Exome sequencing data management and variant filtering in azoospermic and testicular germ cell tumor patients
This program executes all the passages contained in the Krausz et al. pipeline for SNV and INDEL filtering. It takes in input .xlsx or .csv files obtained after exome sequencing data analysis and is aimed to find the rarest variants.
SNV_INDEL_filter_PV.py [-h] (-s SINGLE | -d DIRECTORY)
[-p PARALLEL] [-a AUX1] [-b AUX2] [-o OUTPUT]
Indicate a single file or a directory containing multiple files.
OPTIONS:
-h, --help show this help message and exit
-s SINGLE, --single SINGLE Path to a single INDEL or SNV file (debug mode)
-d DIRECTORY, --directory DIRECTORY Path to directory to elaborate
-p PARALLEL, --parallel PARALLEL Multiprocessing: Parallel degree number (default 2) unused in single mode
-a AUX1, --aux1 AUX1 Auxiliary data sheet containing SAMPLE as sample name and PHENOTYPE as diagnosis or ethnic labels column. It is a CSV file format.
E.g.
SAMPLE,PHENOTYPE
A731RV,AZO
B732RV,AZO
C733RV,CRTL
-b AUX2, --aux2 AUX2 Auxiliary directory containing OMIM genes classification (e.g. D/r).
-o OUTPUT, --output OUTPUT Path to output directory. (default ./)
-pikt --pathogenicIndexThreshold Pathogenic Index threshold. It retains SNV with an IP >= the user imposed threshold. If zero, this filter is disabled. (default >= 0.7).
-ihAF --inHouseAlleleFrequency In House Allele Frequency Threshold. It retains SNV and INDEL with an inHouse AF <= the user imposed threshold. If one, this filter is DISABLED. (default <= 0.01)

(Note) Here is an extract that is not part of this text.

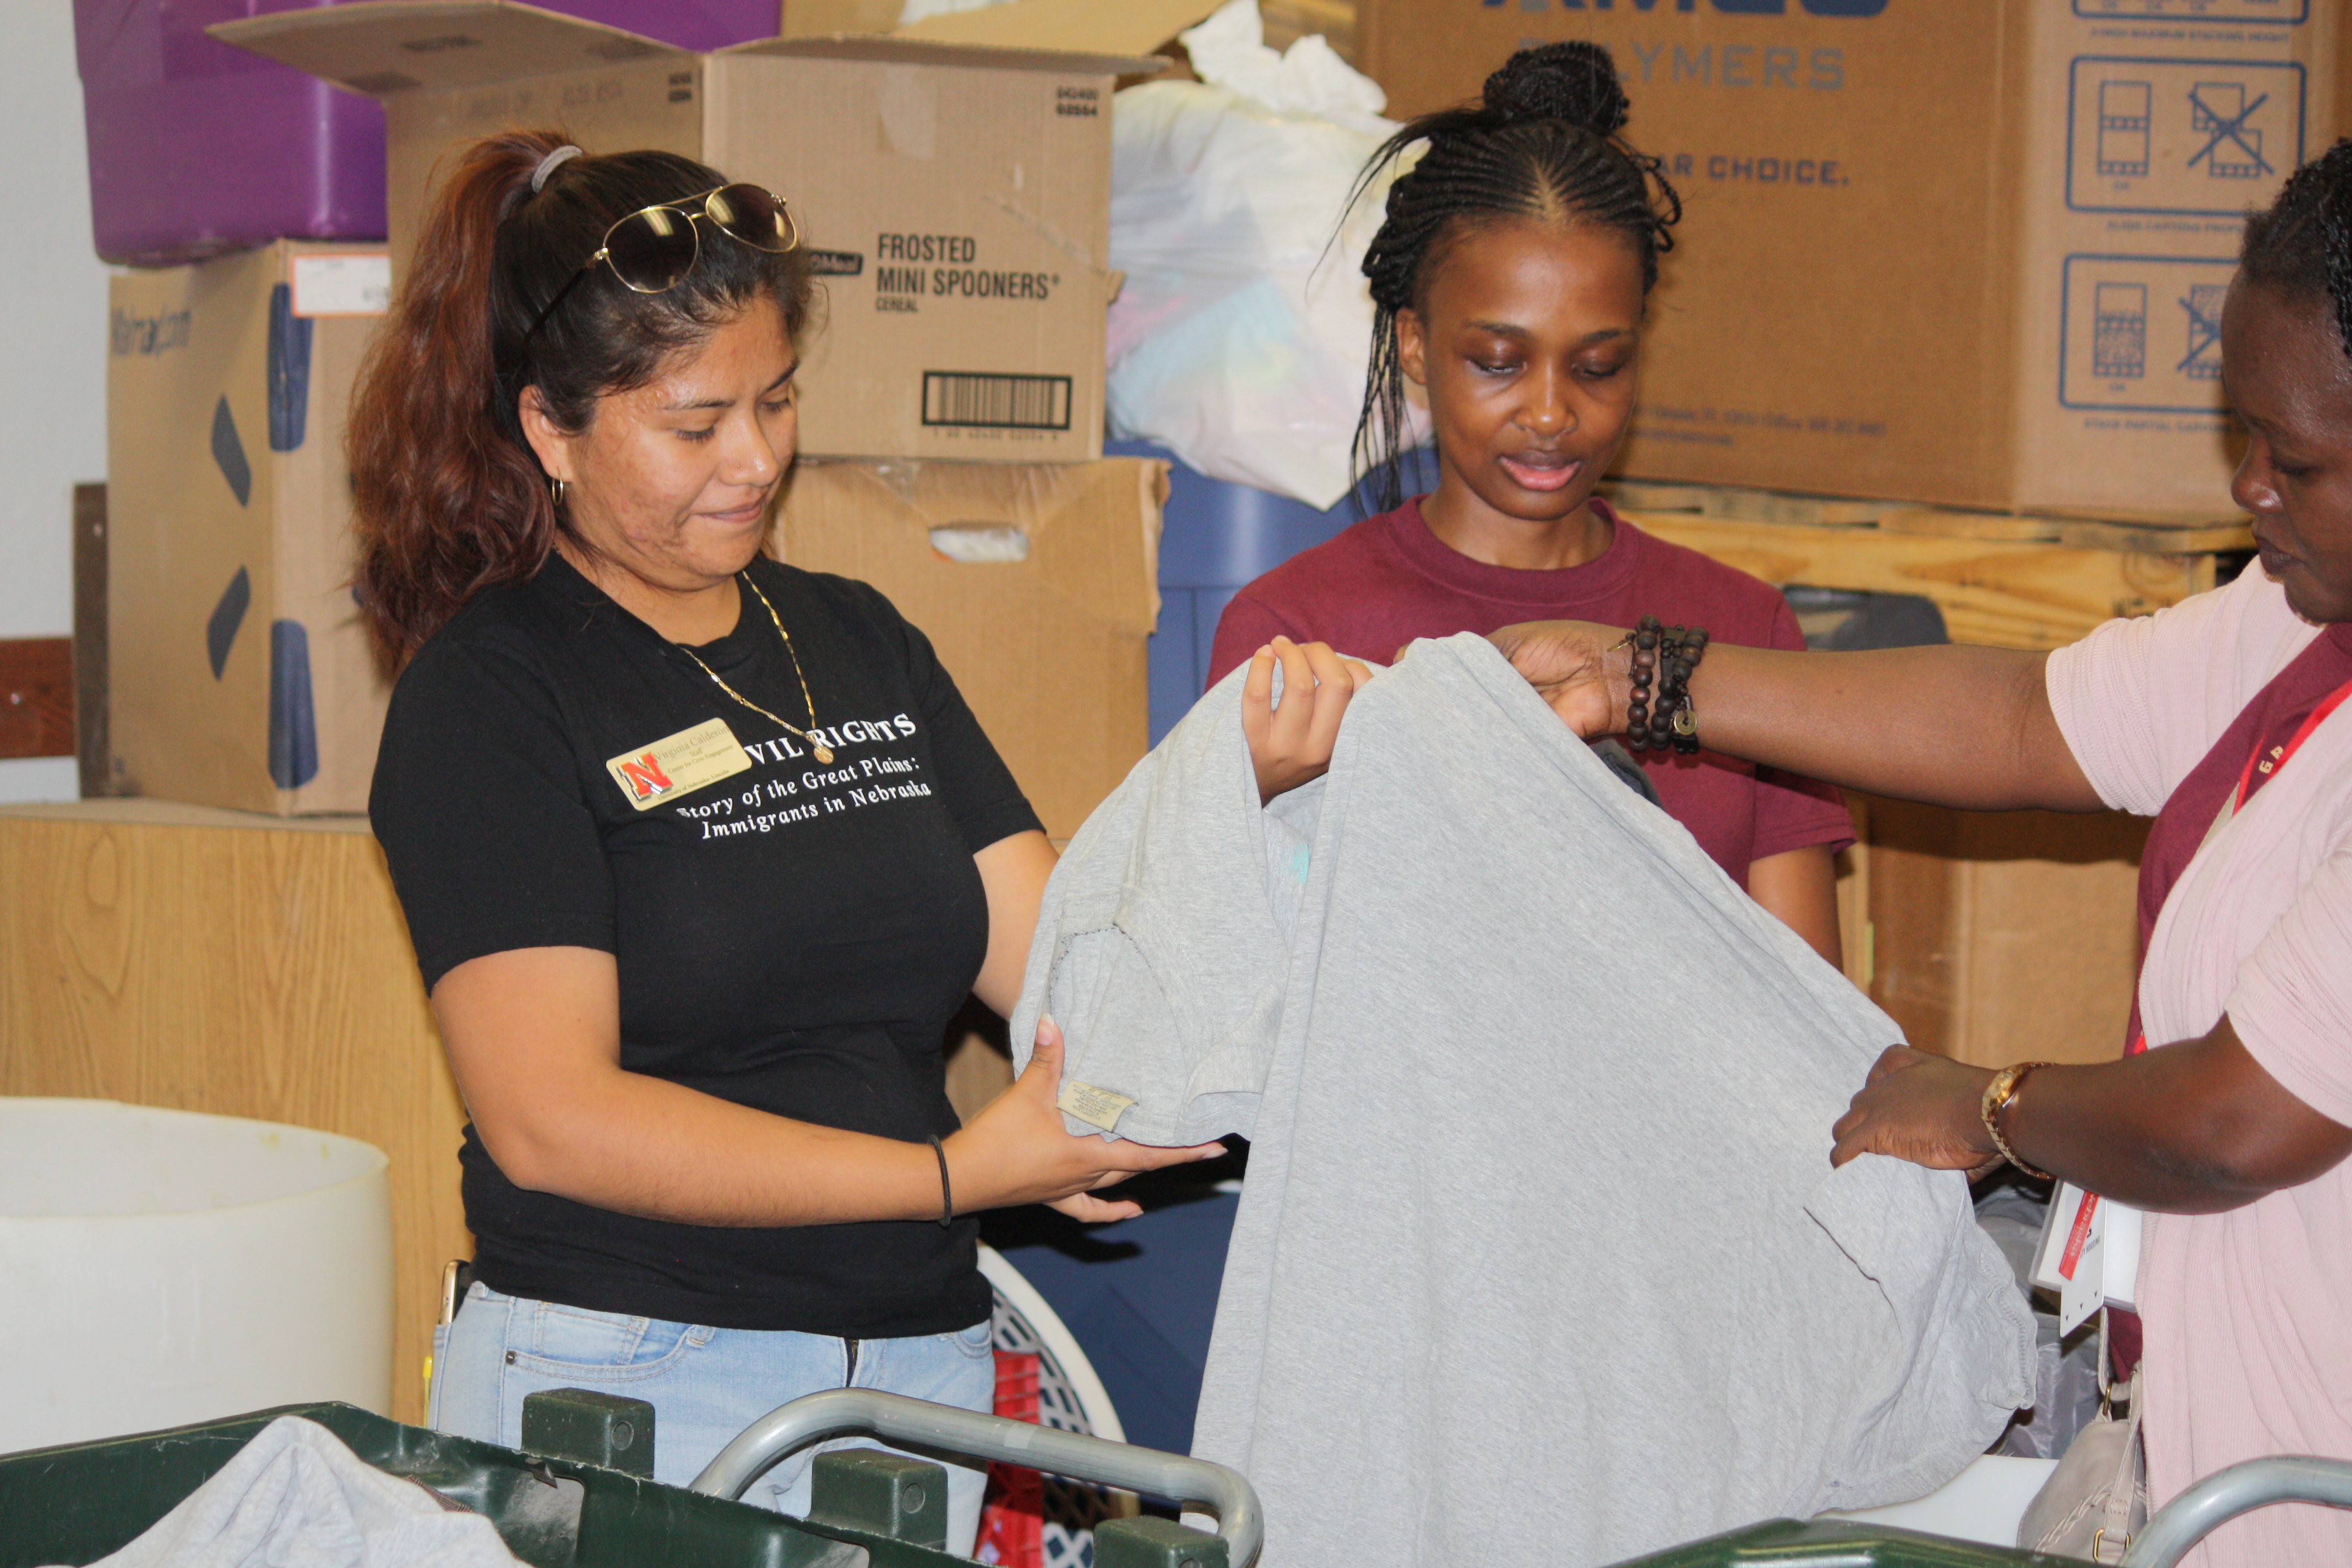 Volunteers with the Center for Civic Engagement assist the community by sorting clothing at a local thrift shop.

-v, --verification It verifies whether each sample in sample sheet has files (SNV, INDEL) in input directory
Warning:
the file name must have the following format
{SAMPLE}.{SNV|INDEL}.{something_else}.{xlsx|xls|csv|csv.gz|csv.gzip}
E.g.
A731RV.SNV.FINAL.xlsx
AF_recalculation.csv: file containing alleles for AF recalculation
PHENOA/
/SNV/
filtered SNV for each sample
/INDEL/
filtered INDEL for each sample
PHENOA_INDEL_filtered.csv: Filtered INDELs for all the samples belonging to the PHENOA phenotype;
PHENOA_SNV_filtered.csv: Filtered SNVs for all the samples belonging to the PHENOA phenotype;
PHENOA_RECESSIVE.csv: homozygous, putative composite Heterozygous and X-linked variants crossed against OMIM recessive genes list. HET column has the ‘pC-HET’ value indicating the putative composite Heterozygous;
PHENOA_DOMINANT.csv: heterozygous crossed against OMIM dominant genes list;
PHENOA_noDOM_noREC.csv: Variants of genes without an OMIM dominant|recessive annotation. HET column has the ‘pC-HET’ value indicating the putative composite Heterozygous;
PHENOA_genes4GO.txt: Non redundant list of dominant and recessive genes contained in PHENOA_RECESSIVE.csv and PHENOA_DOMINANT.csv useful for the Gene Ontology analysis;
You can test the program by using at least 50 samples.
First, try to check sample sheet with the following command:
SNV_INDEL_filter_PV.py\
-d ./test/esomi_prova\
-a ./test/esomi_prova_data_sheet.csv\
-b ./script/OMIM_30_07_22/\
-v
Then, if the data sheet is correctly checked you can launch
SNV_INDEL_filter_PV.py\
-d ./test/esomi_prova\
-p 20
-a ./test/esomi_prova_data_sheet.csv\
-b ./script/OMIM_30_07_22/\
-pikt 0.7
-o ./test/esomi_prova_test
After rehearsal, you should observe the obtained data to find problems, if present.
Then you can execute the script for the analysis of the entire samples ensemble.